*** Opening of Material shown ***

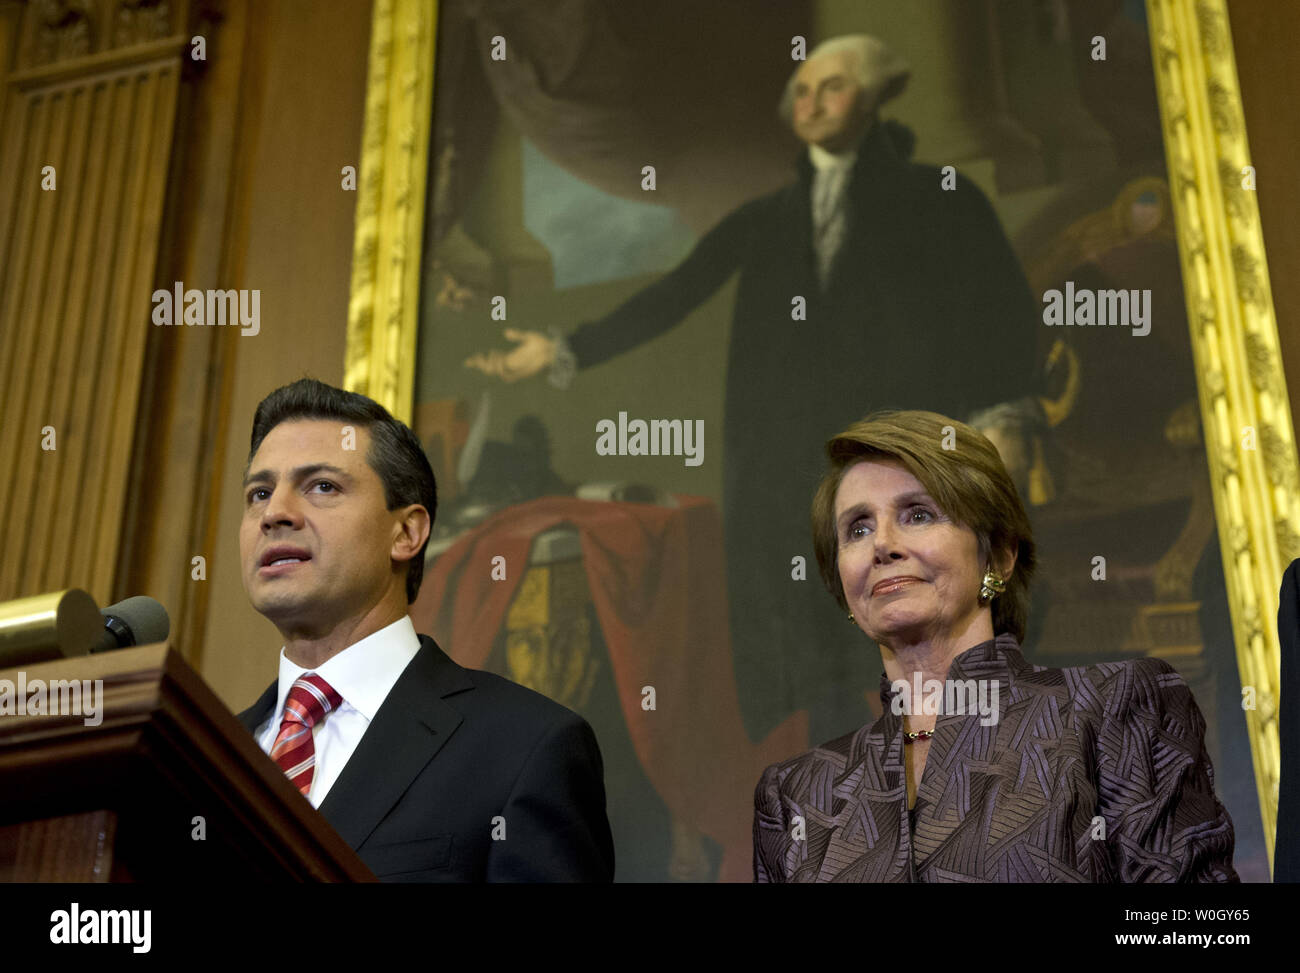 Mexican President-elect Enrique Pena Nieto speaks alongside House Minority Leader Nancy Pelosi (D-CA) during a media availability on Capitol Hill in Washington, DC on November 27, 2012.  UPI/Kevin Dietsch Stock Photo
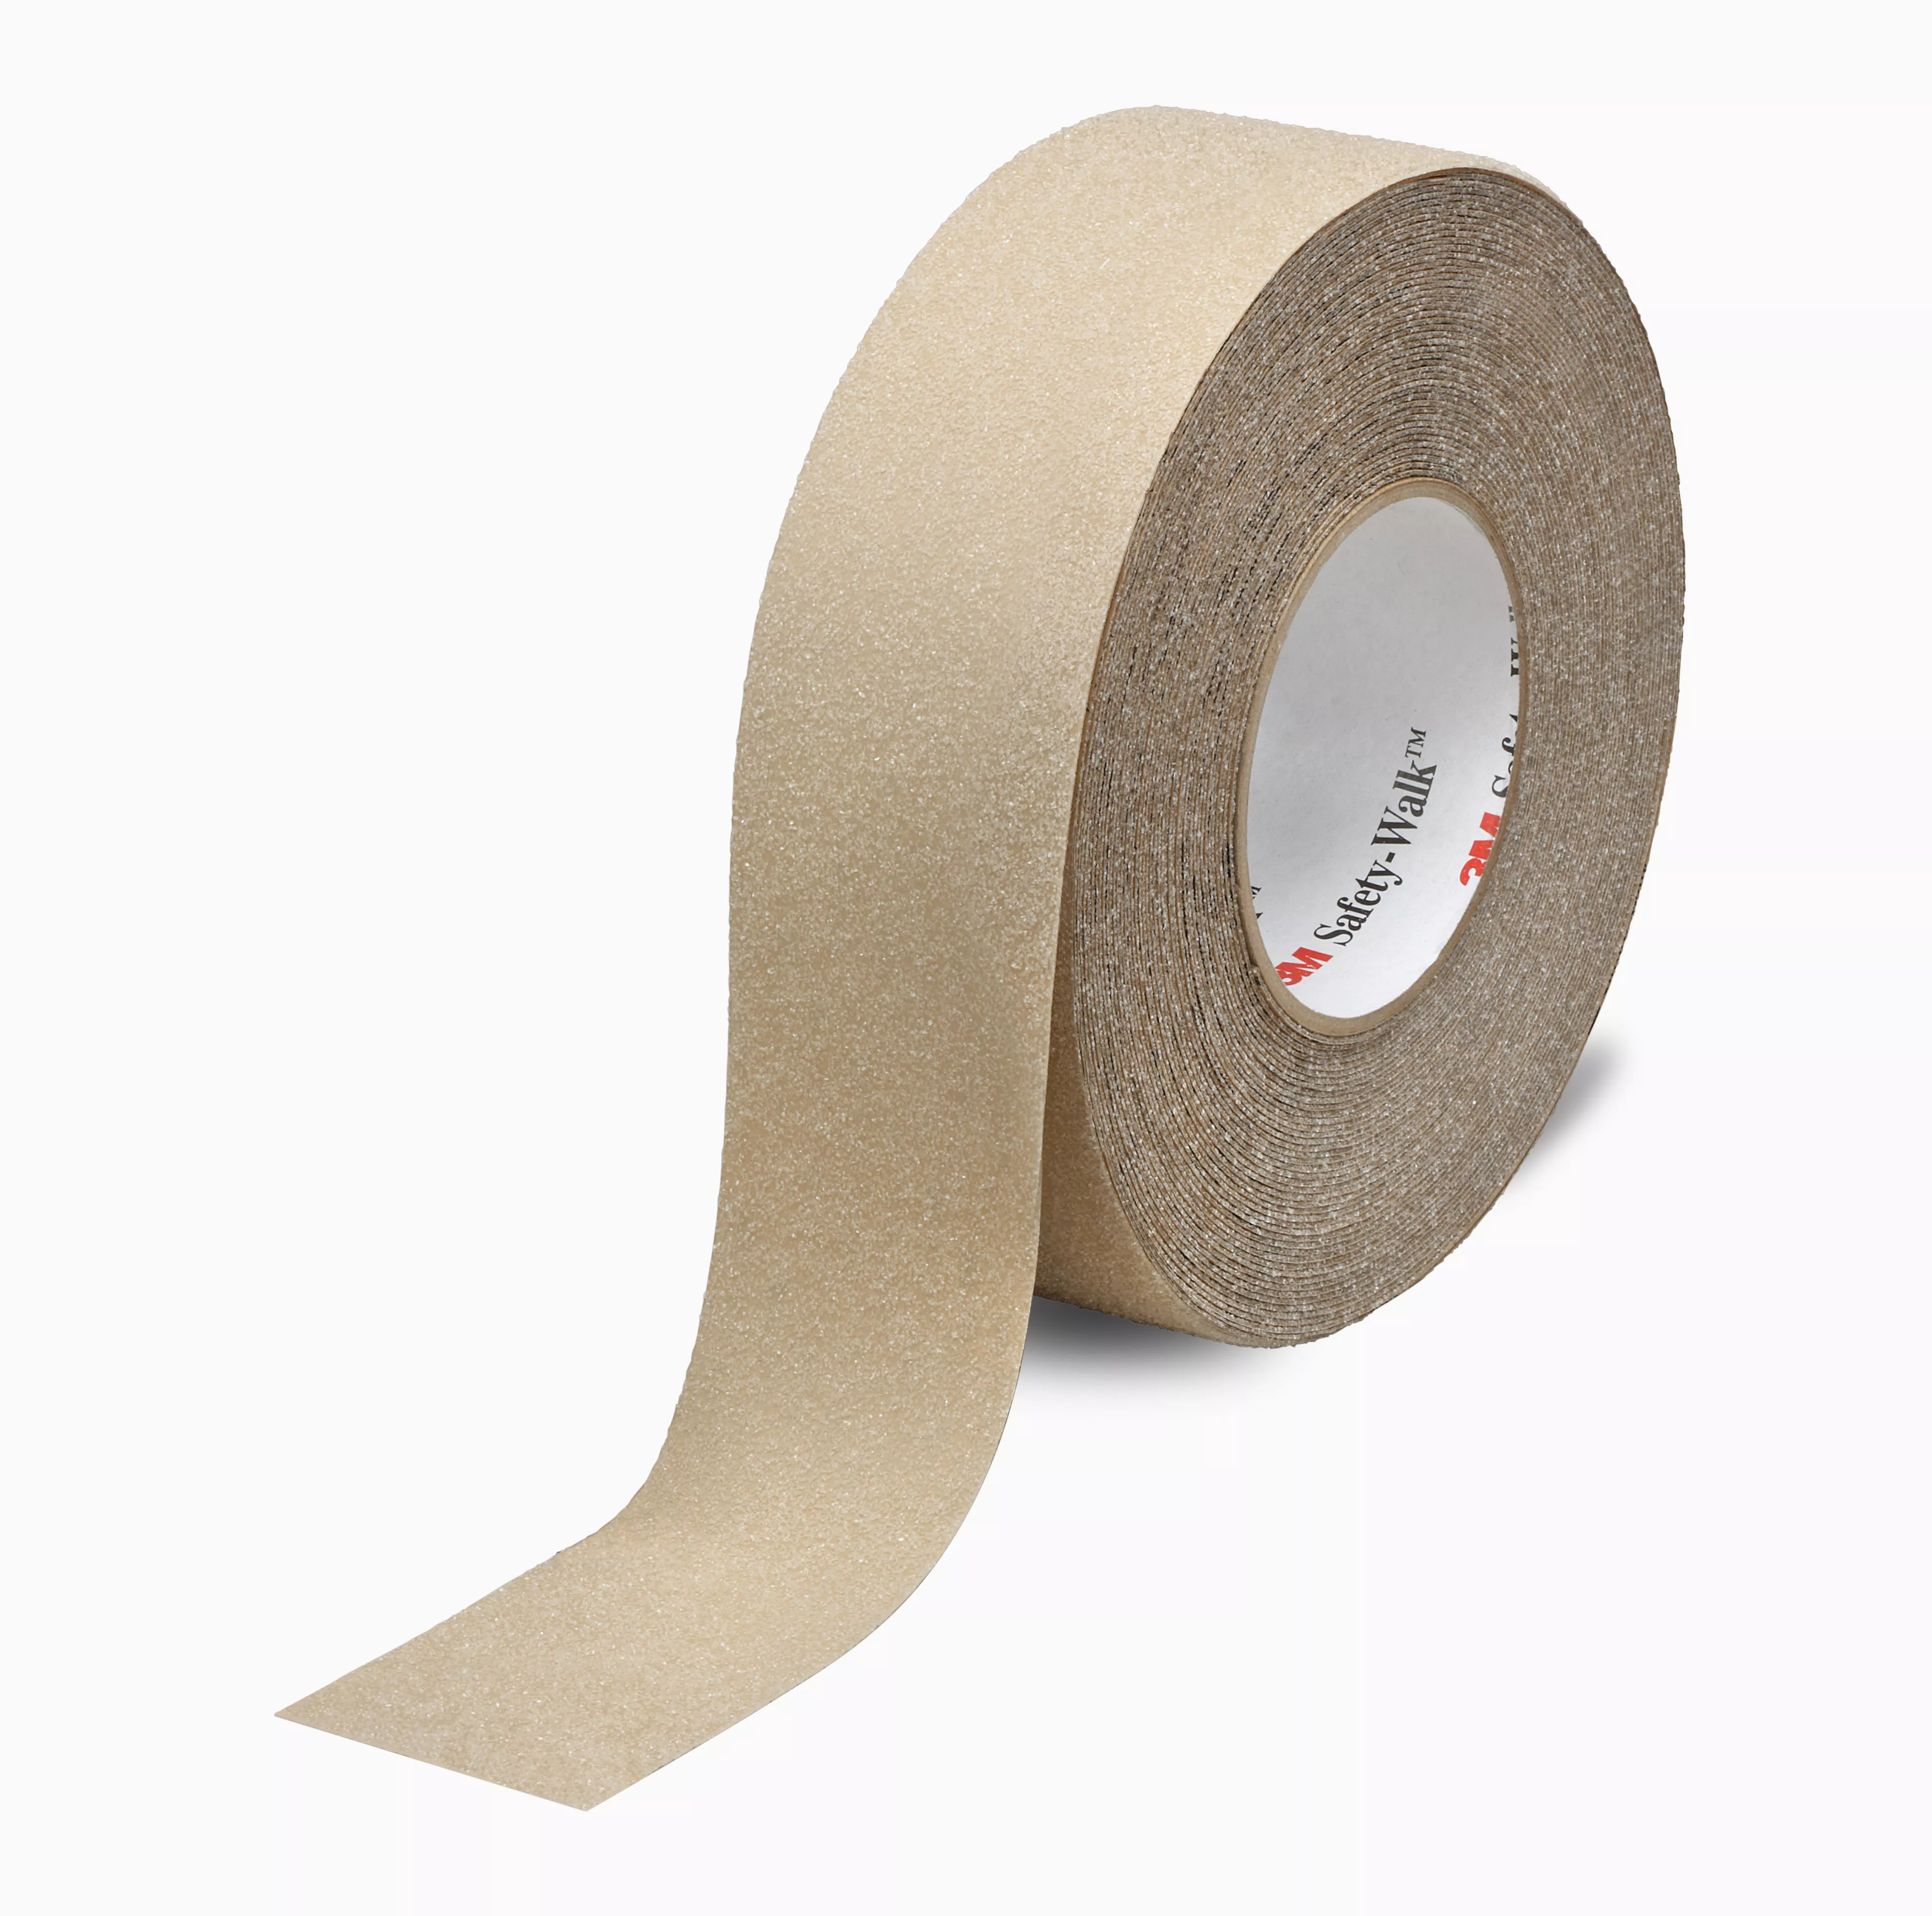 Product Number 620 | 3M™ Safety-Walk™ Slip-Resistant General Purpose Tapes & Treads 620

*** Close of Material shown ***
*** Opening of Material shown ***

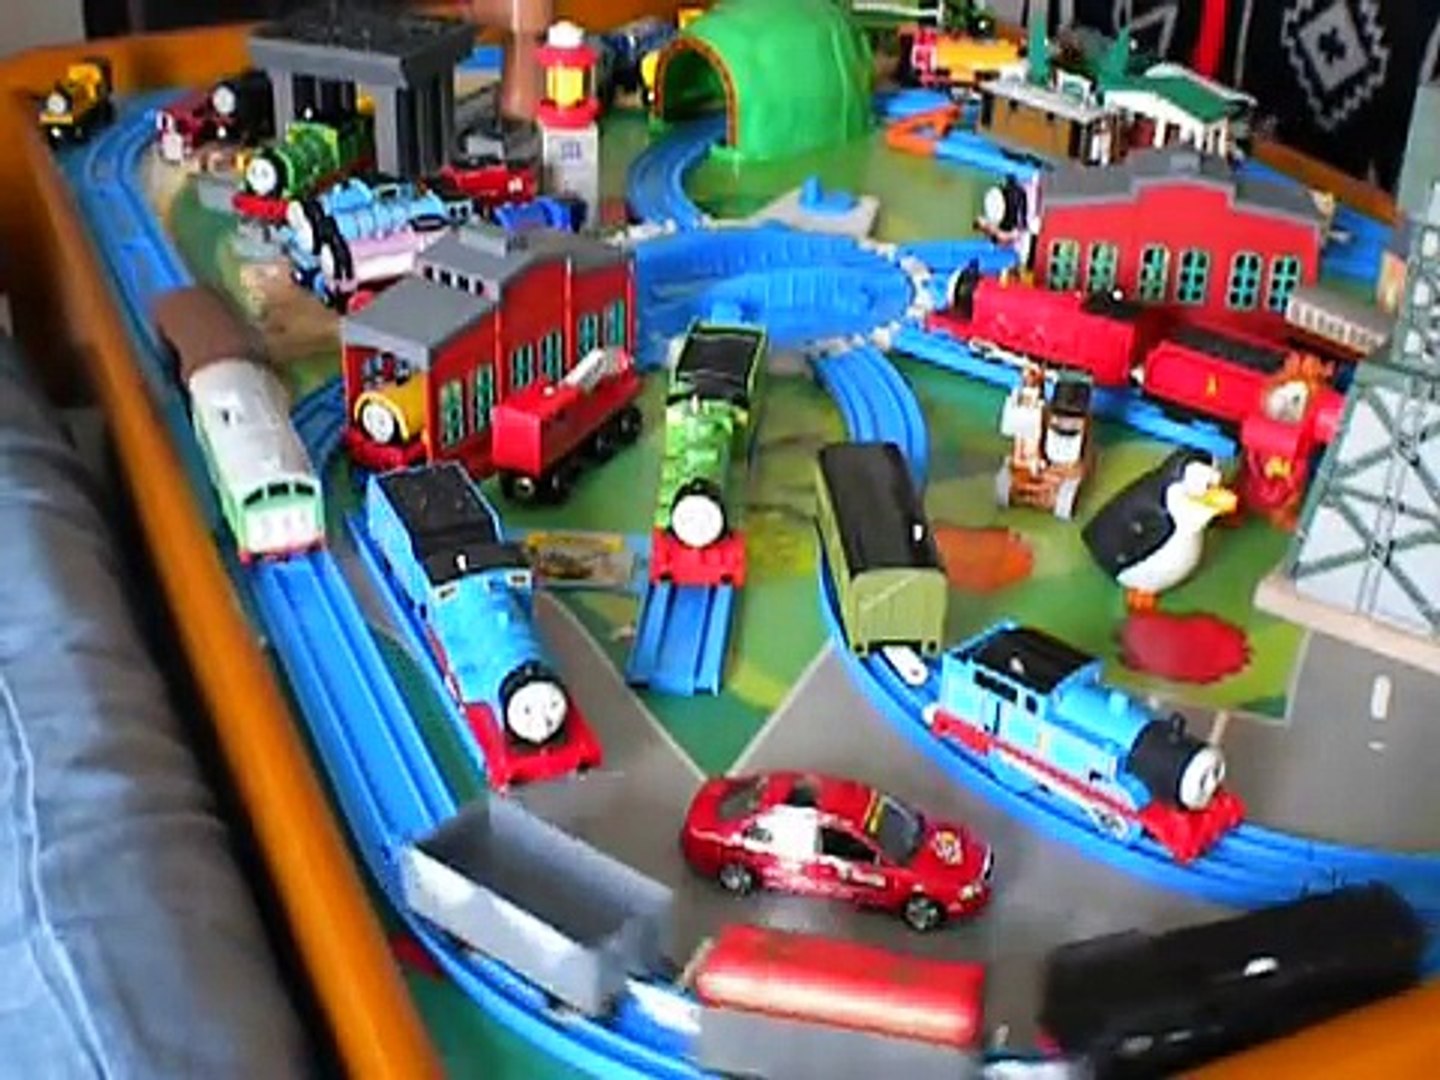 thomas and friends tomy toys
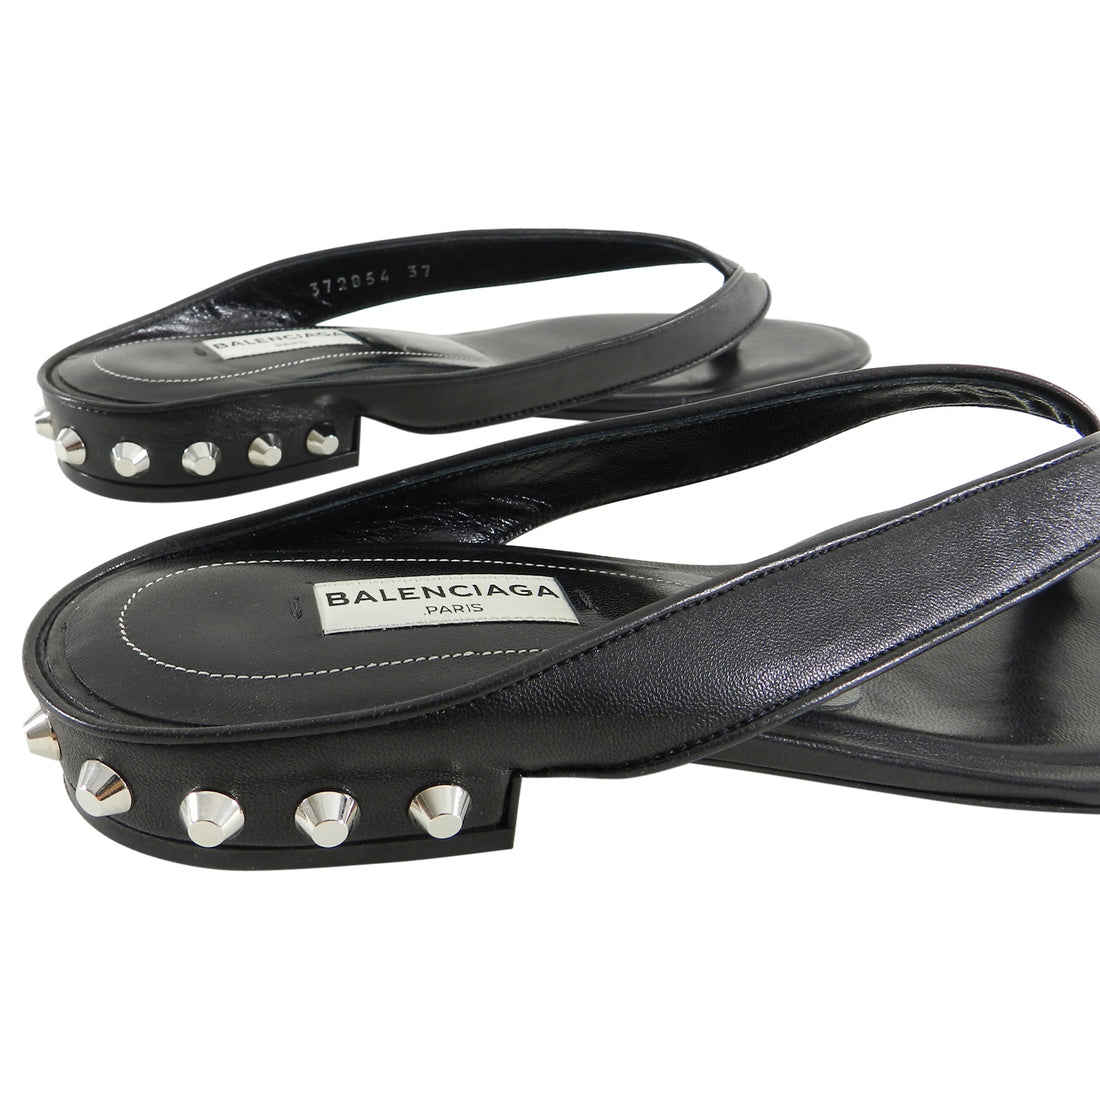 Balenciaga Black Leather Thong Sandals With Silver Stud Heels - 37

*** Close of Material shown ***

Problem to solve — What you need to produce is an exact copy of the entries above, limited to the lines from the one with "Mexican President-elect Enrique" up to and including the one with "Product Number 620", without pictures.

Result of this exercise —
 Mexican President-elect Enrique Pena Nieto speaks alongside House Minority Leader Nancy Pelosi (D-CA) during a media availability on Capitol Hill in Washington, DC on November 27, 2012.  UPI/Kevin Dietsch Stock Photo
 Product Number 620 | 3M™ Safety-Walk™ Slip-Resistant General Purpose Tapes & Treads 620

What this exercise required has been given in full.